だから俺がその子たちに会うことはないだろう。
俺は何処か心にしこりを感じながらもさらに数年が経った。
高校生になった俺は、葬式の件もあり、心の内では同学生達と袂を分かちつつも、現実では細々と交流していた。
俺は彼らと当たり障りもなく、付かず離れずの友好関係を築いていたが、それが俺の心の影をより大きくしていった。
そんな鬱屈した日々を過ごし、細々とある計画を立てていた時、帰り道を歩いていると小さな2人の少女が道で立ち止まっているのが見えた。
少女達は遠くから見ても何かに怯えているのがわかる。
そんな様子のおかしい幼子たちへ、道行く人達は声をかけなかったのだろうか。
まるで世界に敵しかいないかのような、そんな2人の空気は見ていて痛々しく、俺の胸に刺さった。
そうしてもしかしてと、怯えているその原因を探ると直ぐ近くに、原因であろう低級の呪霊がいるのが見えた。
恐らく彼女達は呪霊を認識できるのかもしれない。
そして過去の俺のように直接危害を加えられなくても、呪霊から発せられる負の気配による影響があるのだろう。
彼女達にはそれに対処する術はやはり持っていないように見える。
だから恐怖からここから動くこともできず、ただ嵐が去るのを待っているだけのように思える。
それはまるで俺が浩さんと出会った時の焼き回しのような場面であり、その事に懐かしさと寂しさを感じつつ、呪霊を祓う。
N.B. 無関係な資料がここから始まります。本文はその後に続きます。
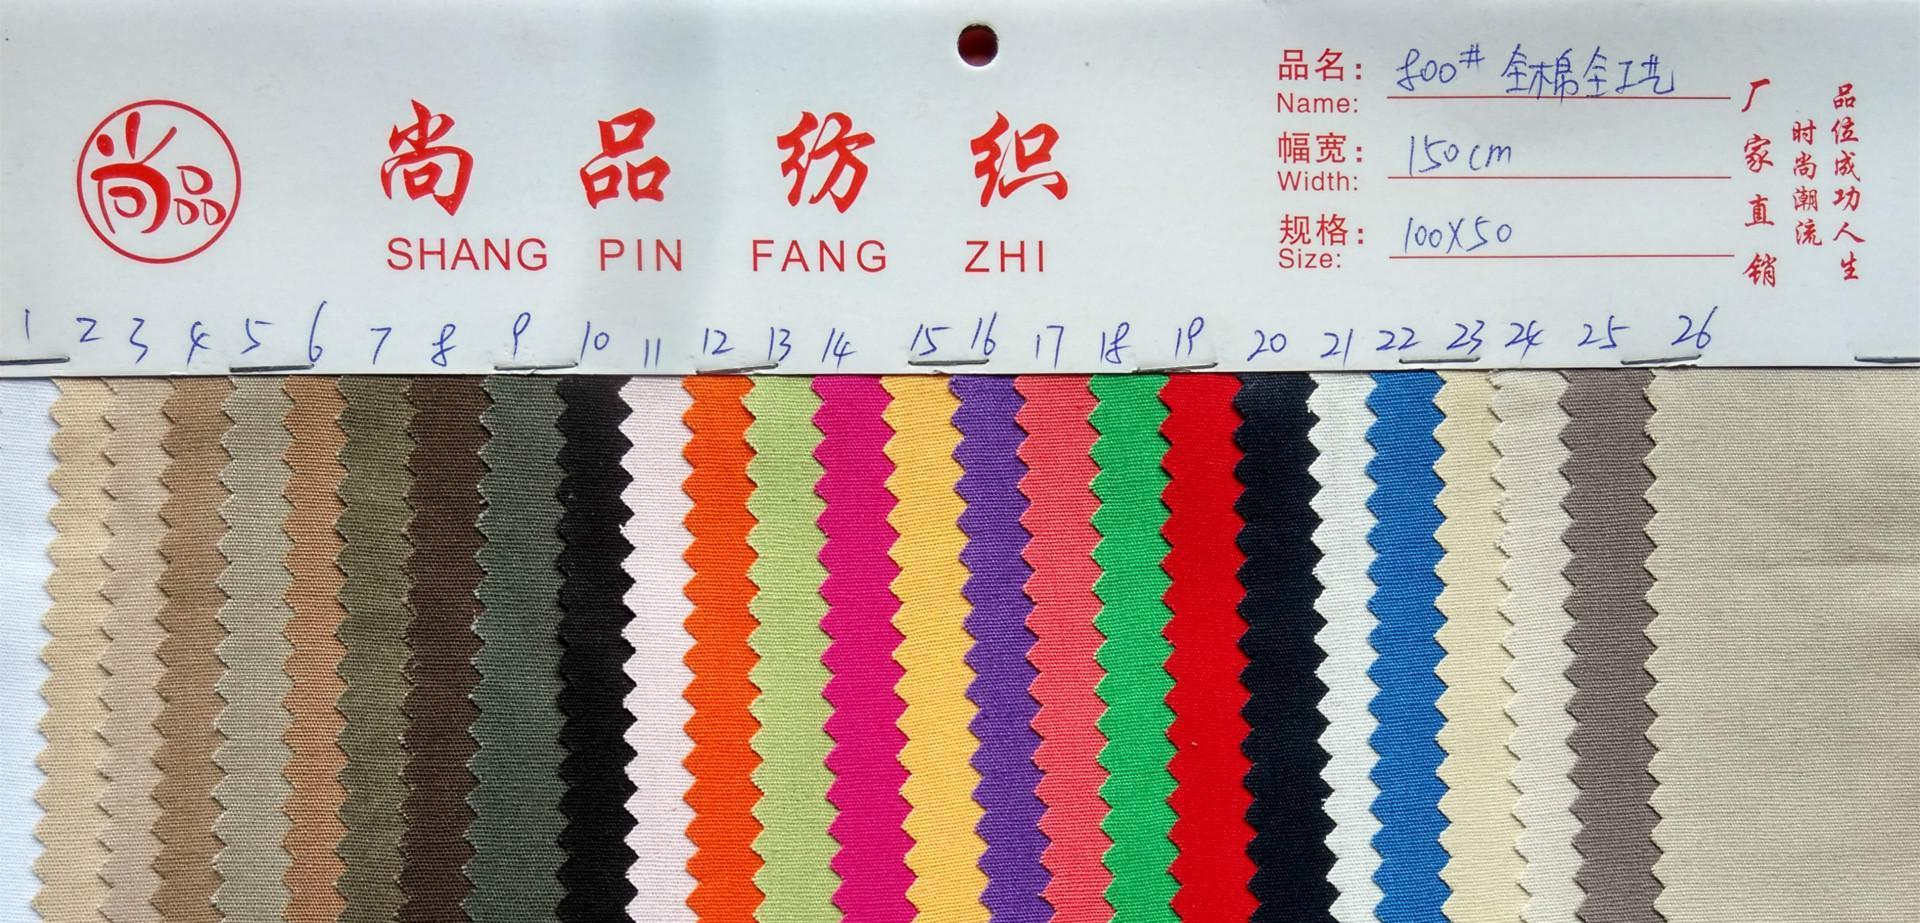 全棉6安珠帆平纹布 纯棉10050细珠帆全工艺服装用布示例图3

昔は恐ろしかったが、こちらを攻撃する考えすら持つことができない、そんな呪霊だ。
今の俺にはなんて事のない存在であり、呪力を放出しただけで霧散した。
そんな俺の姿を見て2人の子供は更に警戒を強めたようだ。
2人から向けられる視線が強くなったのを感じる。
呪霊を祓っても、むしろ祓ったことで彼女達の警戒心が強まったようだ。
その突き刺さるような視線を受け流しつつ俺は彼女達に声をかける。
あの時の俺に差し伸べられた手のように。今まで理解を得られず、傷つけられてきたであろう彼女達の事を、優しく労り、そして自分は彼女達の味方だと証明するように。
「大丈夫かい?君たちにもさっきの奴が見えていたんだろう?」
そうして声をかけた子供、その少女達の名前は、枷場美々子と菜々子という双子の女の子達だった。